But mankind possess also the power of inventing and establishing arbitrary signs to express their feelings and conceptions. For example, the words, love, compassion, and anger, are mere conventional signs, by which we in Britain agree to express three internal feelings ; and there is no


natural connexion between the signs and the things signified. The metaphysicians attribute this talent to association ; but it is a peculiar power of association given by the faculty of Language only. Persons possessing much of this faculty, have a great natural power of inventing arbitrary signs, and of learning the use of them when invented by others. As this faculty, however, gives the talent merely for expressing our feelings and ideas, by means of sounds and forms, it is cognizant of signs alone, the meaning of which is acquired by other faculties. If a horse, for instance, be presented to the mind, the faculty of Language will give the desire to find a name or sign by which to indicate it, and also the power of associating the appearance of the object with any particular sound or name when invented. But the meaning or signification which the word will embrace, will depend on the perfection of other faculties, and the extent to which they have been used. For example, the faculty of Form will judge of the form of a horse ; Size, of its dimensions ; Colouring, of its colour. A blind man, by the aid of the faculty of Language, may learn to connect his own notions of a horse with the name ; but his conceptions will be very different from those attached to it by a person who sees ; for the blind man could not judge of its colour at all, and not very correctly of its form and size. In the same way, any individual possessing the organ of Language, may learn the manner in which the word justice is generally used ; but the meaning attached to it, in the mind of a person like David Haggart, who was extremely deficient in the organ of Conscientiousness, will be very imperfect, when compared with the notion which would be connected with it by one in whom that organ was extremely large.

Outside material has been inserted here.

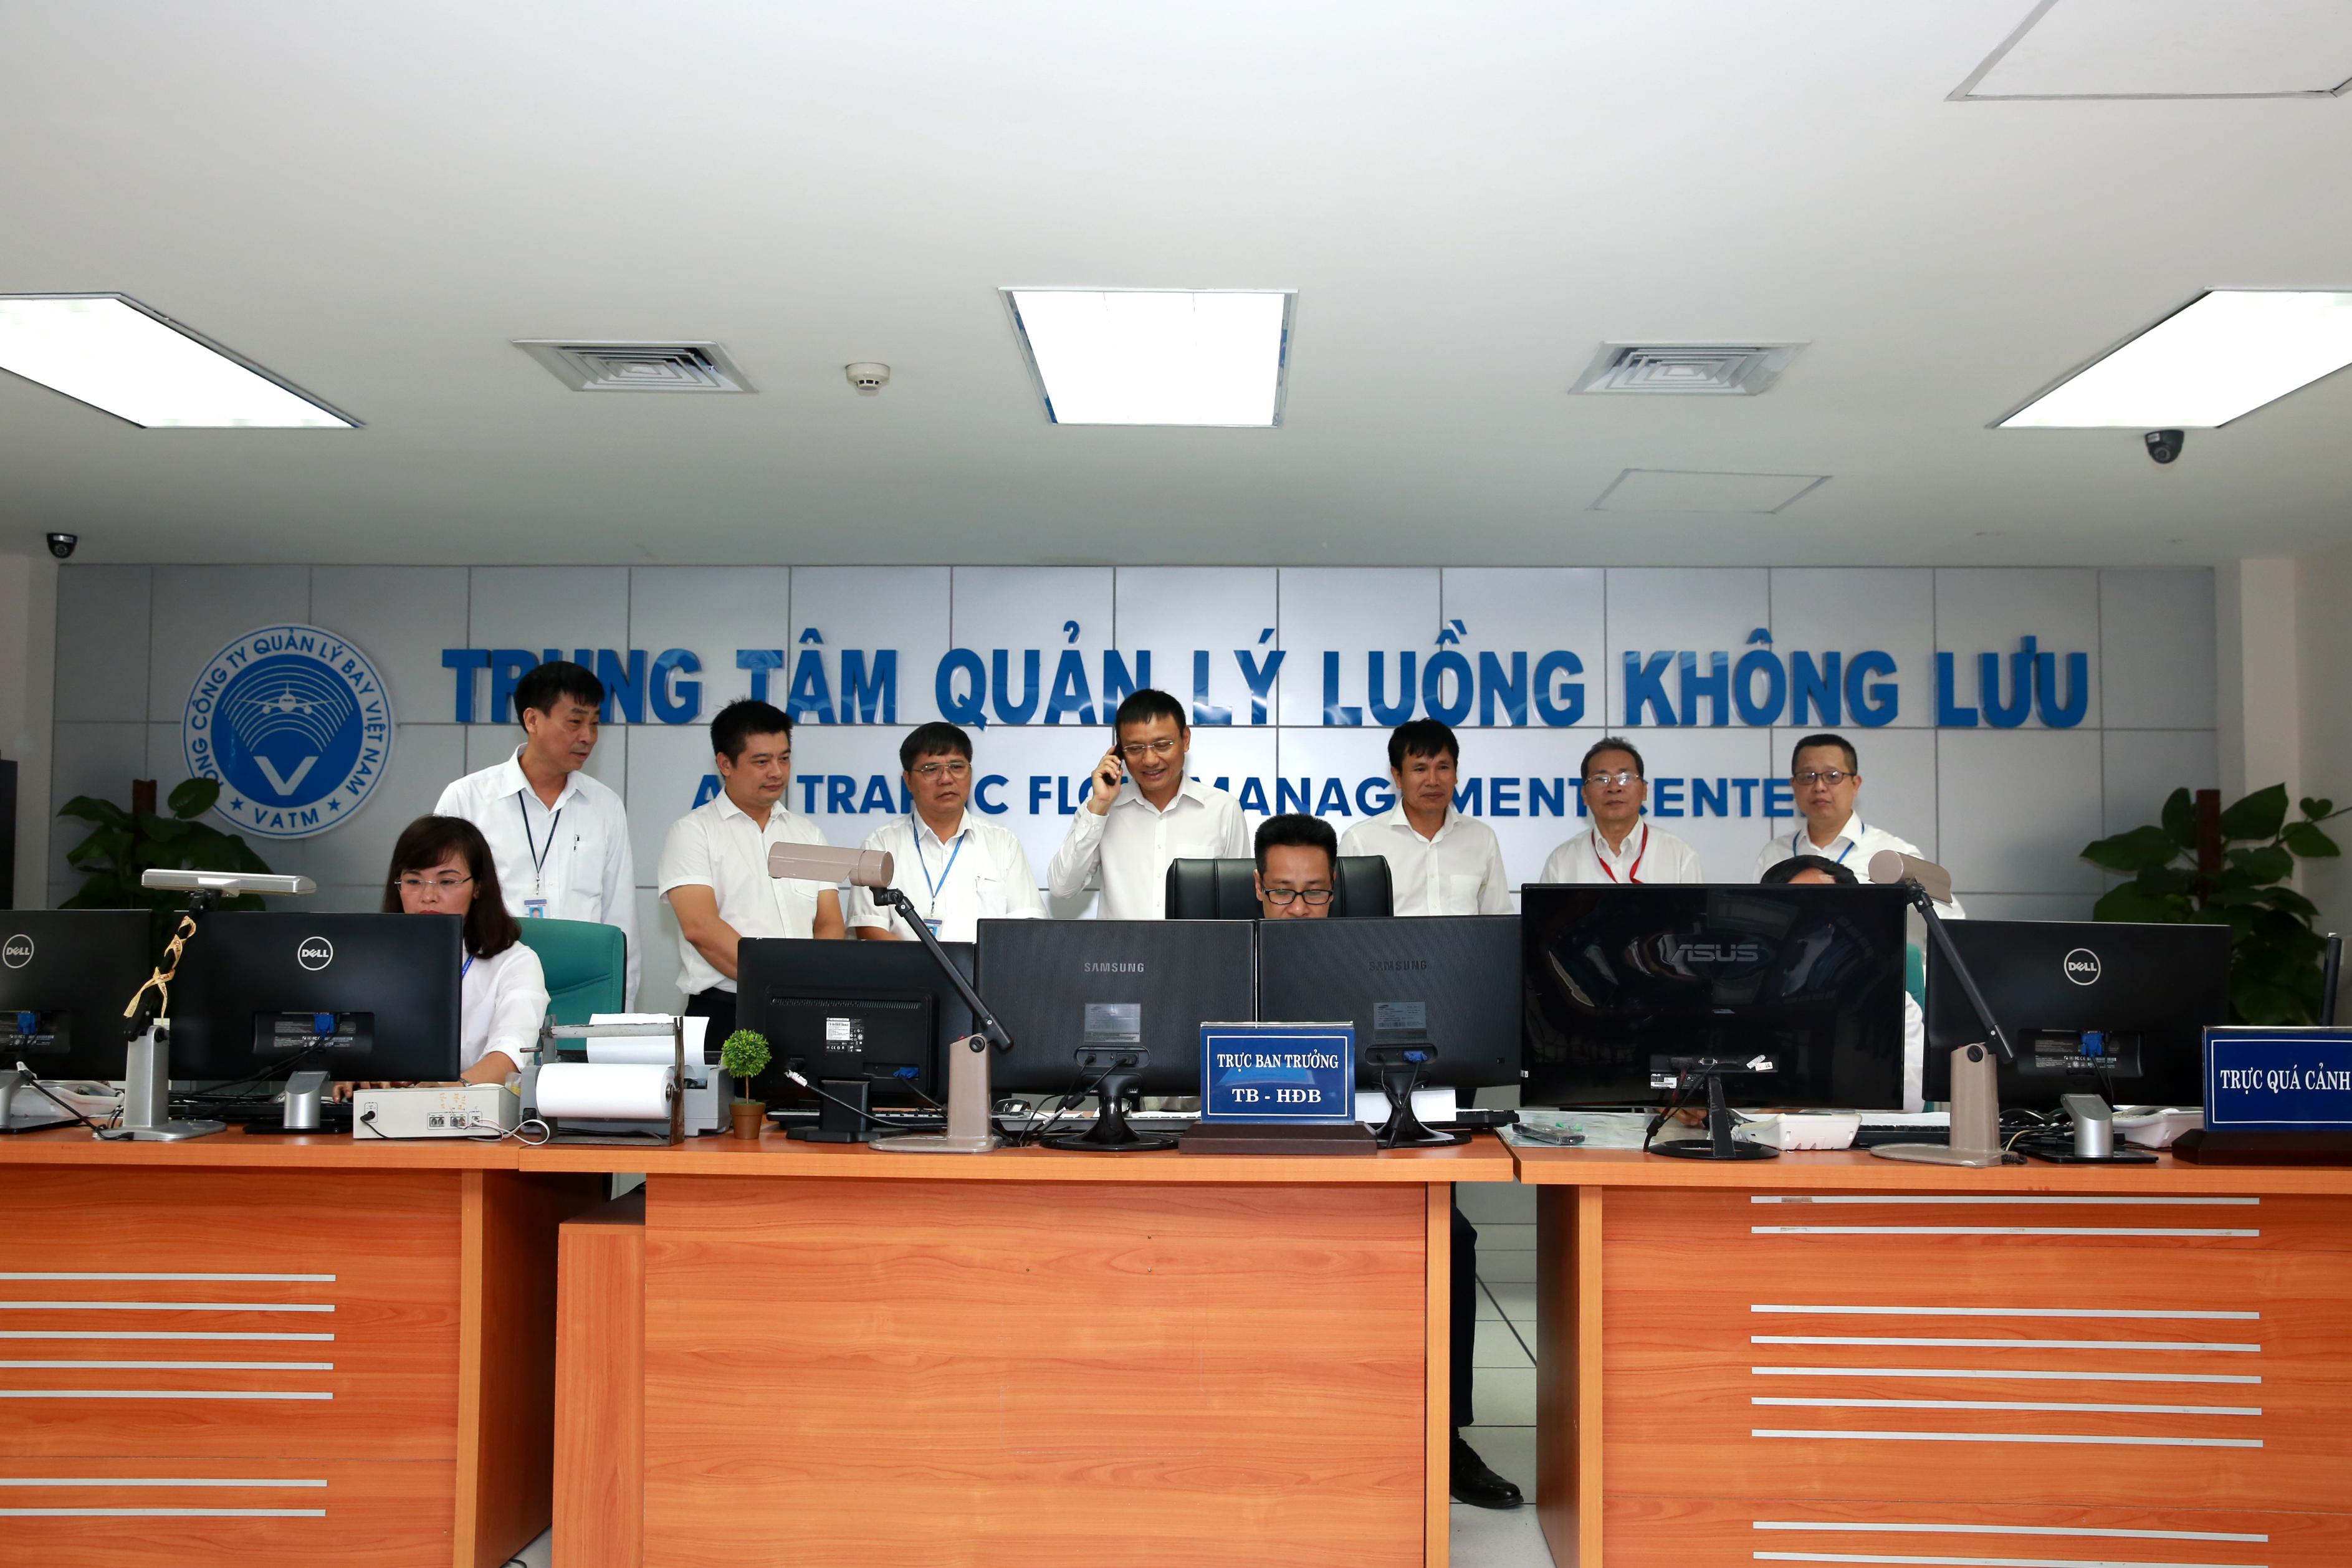 Trung tâm Quản lý luồng không lưu triển khai kế hoạch khai thác thử nghiệm Quản lý luồng không lưu phân phối đa điểm nút mức 2 giữa HKDD Việt Nam và Singapore

Every metaphysical author complains of the ambiguity of words, and shews how the vagueness of their signification retards the progress of moral and intellectual science :-the exposition now given, shews whence this vagueness arises. Before individuals can attach precisely the same conceptions to words expressive of feelings and judgments of the under-


standing, they must possess a similar combination of faculties ; and as no two individuals do possess an exactly similar combination of faculties, so as to be capable of feeling and judging alike, there will be shades of difference in the meaning attached by different persons to such terms, in spite of every effort to define them. In consequence of this difference in the faculties, the very definition itself is differently apprehended. In mathematics and algebra, the things indicated by the signs are not feelings, which vary in every individual, but relations and proportions of space and numbers, which have a definite and fixed existence, and which, if apprehended at all, can be conceived only in one way. Hence arises the precision of the language of these sciences, compared with that of metaphysics and moral philosophy.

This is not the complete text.